Our framework democratizes advanced cardiac AI capabilities, enabling substantial diagnostic improvements without massive computational infrastructure. While algorithmic approaches to demographic fairness showed limitations, the multi-view encoder provides a practical pathway for broader AI adoption in cardiovascular medicine with enhanced efficiency in real-world clinical settings.
Can multi-view encoder frameworks achieve superior diagnostic performance compared to foundation model embeddings while reducing computational requirements and maintaining robust performance with fewer echocardiographic views for cardiac AI applications? Multi-view encoder achieved 12.0% relative improvement (9.0 AUC points) across 21 cardiac tasks compared to foundation model baselines, with efficient 512-dimensional vector embeddings and robust performance using fewer echocardiographic views. Vector embedding approaches with attention-based multi-view integration significantly improve cardiac diagnostic performance while reducing computational requirements, offering a pathway toward more efficient AI implementation in clinical settings. Our proposed multi-view encoder framework overcomes critical barriers to the widespread adoption of artificial intelligence in echocardiography. By dramatically reducing computational requirements, the multi-view encoder approach allows smaller healthcare institutions to develop sophisticated AI models locally. The framework maintains robust performance with fewer echocardiographic examinations, which addresses real-world clinical constraints where comprehensive imaging is not feasible due to patient factors or time limitations. This technology provides a practical way to democratize advanced cardiac AI capabilities, which could improve access to cardiovascular care across diverse healthcare settings while reducing dependence on proprietary datasets and massive computational resources.

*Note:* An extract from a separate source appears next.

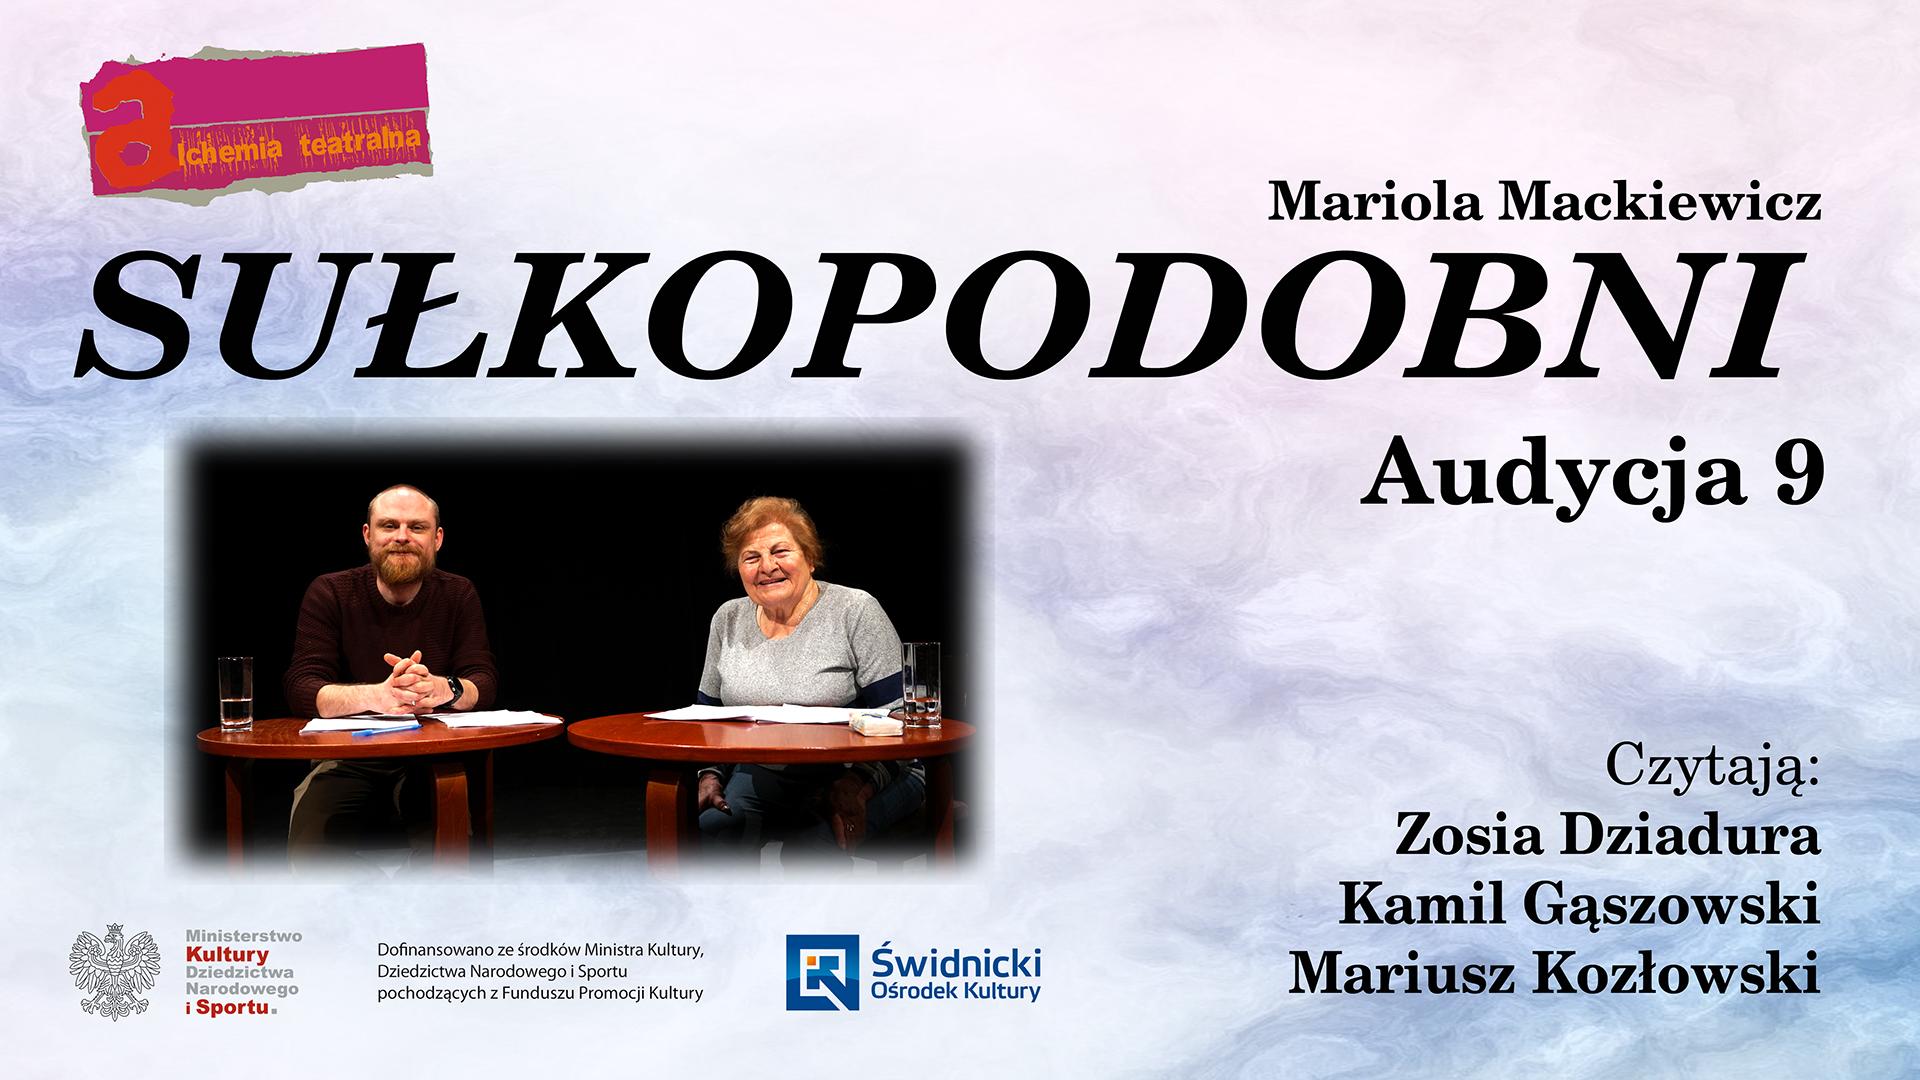 Zofia Dziadura i Kamil Gąszowski przy stoliku nad nimi napis Sułkopodobni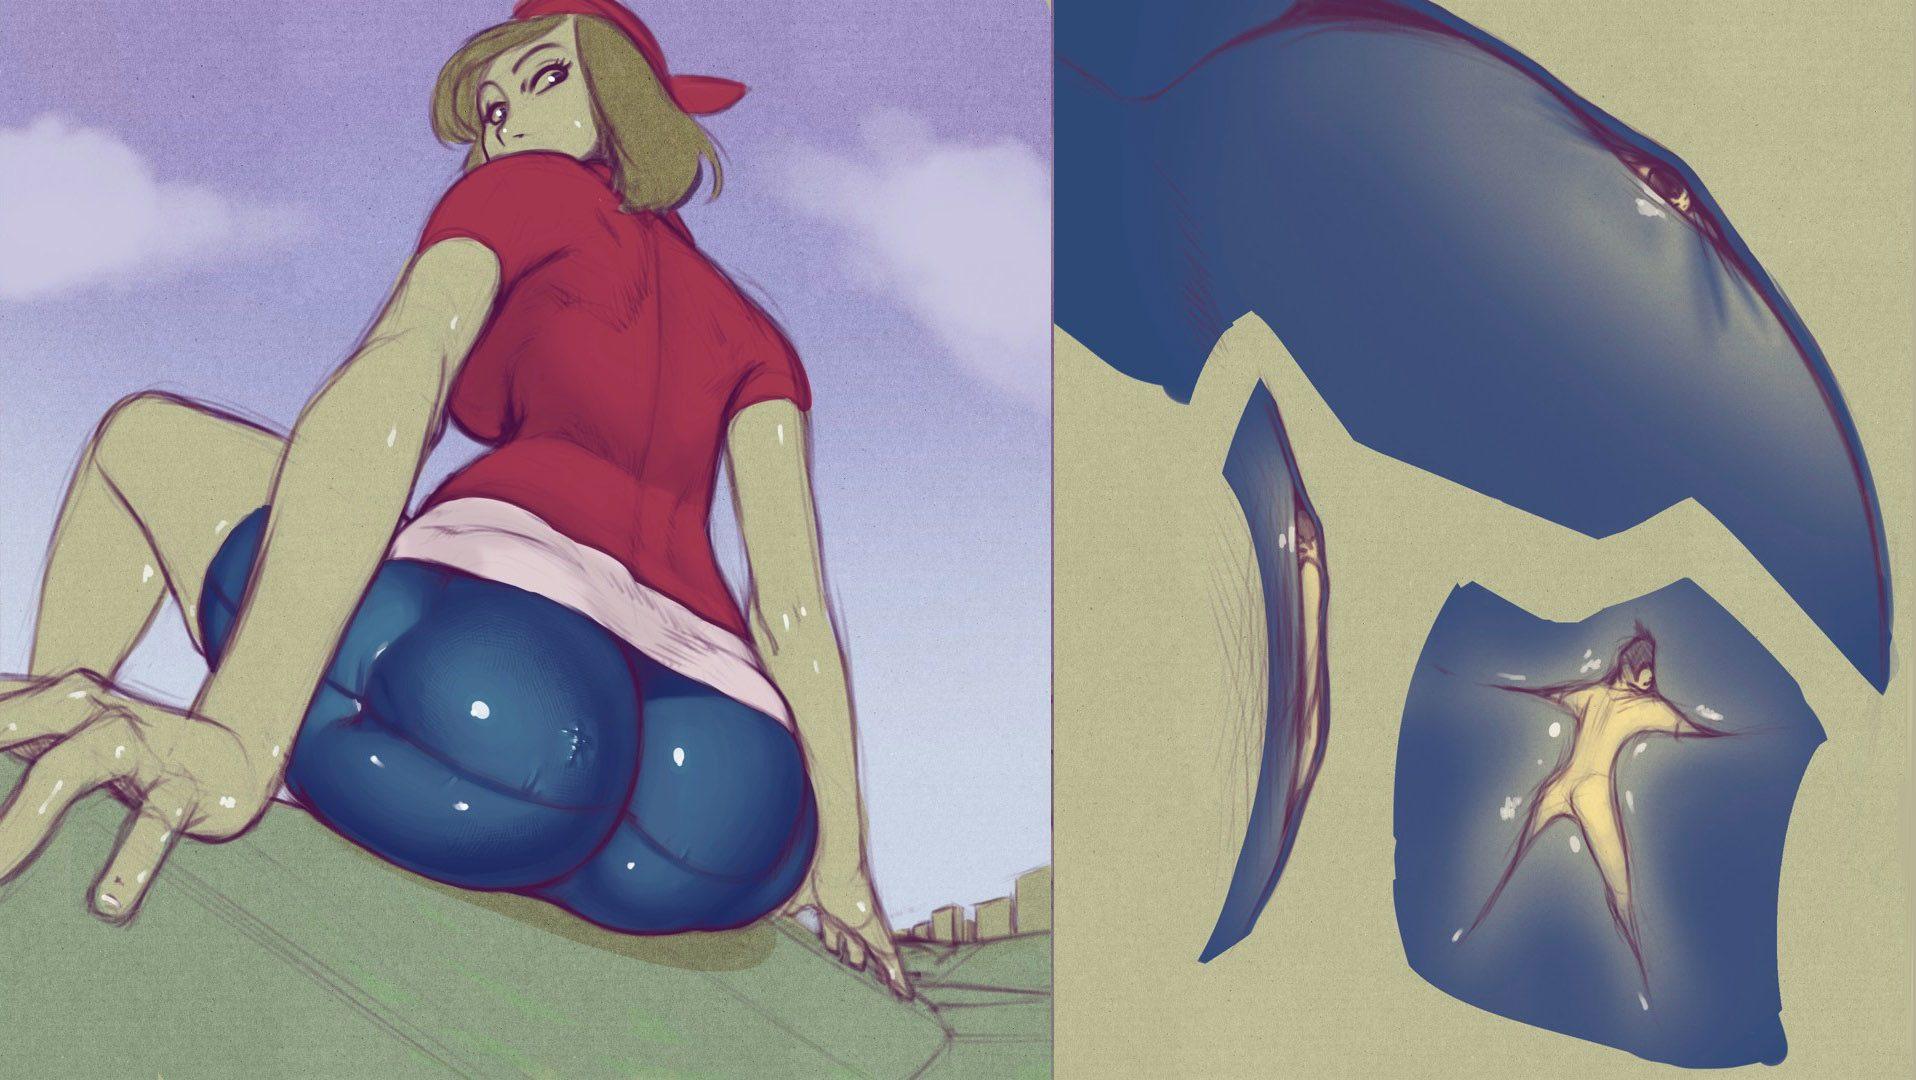 Furry pokemon giantess butt crush

超声心动图通过多个标准化成像视图成为心血管诊断的基石。虽然最近的人工智能基础模型在心脏成像任务中展现出卓越能力,但其巨大的计算需求以及对大规模数据集的依赖造成了可及性障碍,将人工智能的发展限制在了资源充足的机构。向量嵌入方法通过利用原始医学图像的紧凑表示用于下游应用,提供了有前景的解决方案。此外,人口统计学公平性仍然至关重要,因为人工智能模型可能会纳入混淆临床相关特征的偏差。我们开发了一个多视图编码器框架来解决计算可及性问题,同时研究人口统计学公平性挑战。
我们利用MIMIC-IV-ECHO数据集(7169项超声心动图研究)开发了一个基于Transformer的多视图编码器,该编码器将视图级别的表示聚合为研究级别的嵌入。该框架纳入了对抗学习,以在保持临床性能的同时抑制人口统计学信息。我们评估了涵盖超声心动图测量和临床诊断的21项二元分类任务的性能,并与具有不同对抗权重的基础模型基线进行了比较。
与基础模型嵌入相比,多视图编码器在临床任务中平均提高了9.0个AUC点(相对提高12.0%)。与传统方法相比,在超声心动图视图有限的情况下,性能仍然稳健。然而,对抗学习在减少人口统计学捷径方面效果有限,更强的权重会大幅损害诊断性能。
我们的框架使先进的心脏人工智能能力得以普及,无需庞大的计算基础设施就能实现显著的诊断改进。虽然人口统计学公平性的算法方法存在局限性,但多视图编码器为心血管医学中更广泛地采用人工智能提供了一条实用途径,在现实世界的临床环境中提高了效率。
与基础模型嵌入相比,多视图编码器框架能否在降低计算需求的同时实现卓越的诊断性能,并且在心脏人工智能应用中使用更少的超声心动图视图保持稳健性能?与基础模型基线相比,多视图编码器在21项心脏任务中实现了12.0%的相对提高(9.0个AUC点),具有高效的512维向量嵌入,并且使用更少的超声心动图视图时性能稳健。基于注意力的多视图集成的向量嵌入方法在降低计算需求的同时显著提高了心脏诊断性能,为在临床环境中更高效地实施人工智能提供了一条途径。我们提出的多视图编码器框架克服了超声心动图中广泛采用人工智能的关键障碍。通过大幅降低计算需求,多视图编码器方法允许较小的医疗机构在本地开发复杂的人工智能模型。该框架在更少的超声心动图检查下保持稳健性能,这解决了由于患者因素或时间限制而无法进行全面成像的现实世界临床限制。这项技术提供了一种使先进的心脏人工智能能力得以普及的实用方法,这可以改善不同医疗环境中获得心血管护理的机会,同时减少对专有数据集和大量计算资源的依赖。